Replicante Core uses a distributed coordinator for a variety of reasons.

This page aims to keep track of all uses of coordination. Distributed coordination (especially locks) is a delicate thing, and are very easy to get wrong!

Component election

Some components are special and must be executed exclusively across the cluster. Yet we want more then one instance of them running so if one process fails another can take over.

Distributed coordination is used to achieve this:

  • Each component that needs it attempts to acquire exclusive primary role.
  • If a primary exists the process does nothing and watches the primary in case it fails.
  • If a primary does not exist the process becomes primary and starts performing its function.
  • Before acting, and within reason, the primary process should check if it is still primary.

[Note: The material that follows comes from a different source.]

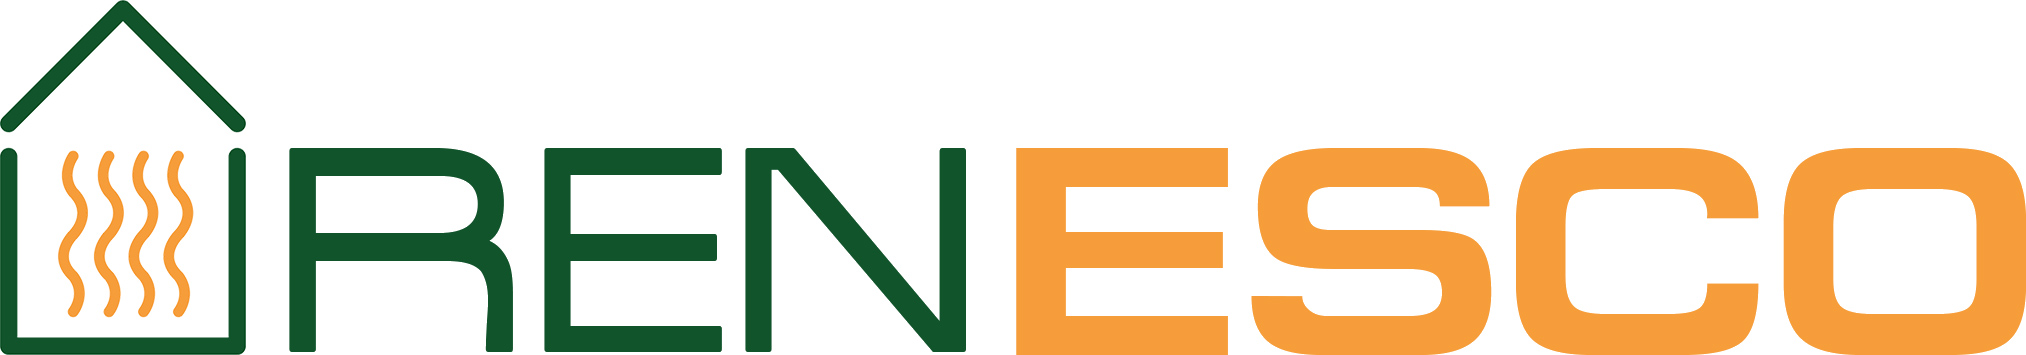 Renesco logo

This is to make sure that connection issues to the coordinator do not lead to double primary.
    • For example a process based on a periodic loop can check its status at the start of each run.

Changes to move to a single primary in the cluster running all exclusive components are planned.

While this would reduce the distribution of work across instances it will greatly simplify the primary/secondary system to mirror other common patterns.

The implementation details may very over time and based on backends (Consul vs Zookeeper).

Uses of component election

  • Cluster discovery process (find discovery backend to poll and push tasks to workers).
  • Cluster orchestration scheduling (find clusters to orchestrate and push tasks to workers).
  • Zookeeper coordinator has a clean up background thread to “implement” container nodes in zookeeper versions below 3.5

Exclusive operations (locks)

Some operations require the guarantee that only one processes operates on the same inputs at any one time.

To handle these cases operations attempt to acquire a lock before they begin:

  • If the lock is acquired, the operation proceeds as normal.
  • If the lock is already taken, the operation is skipped or delayed.

Uses for exclusive operations

  • Cluster orchestration tasks (exclusive per cluster).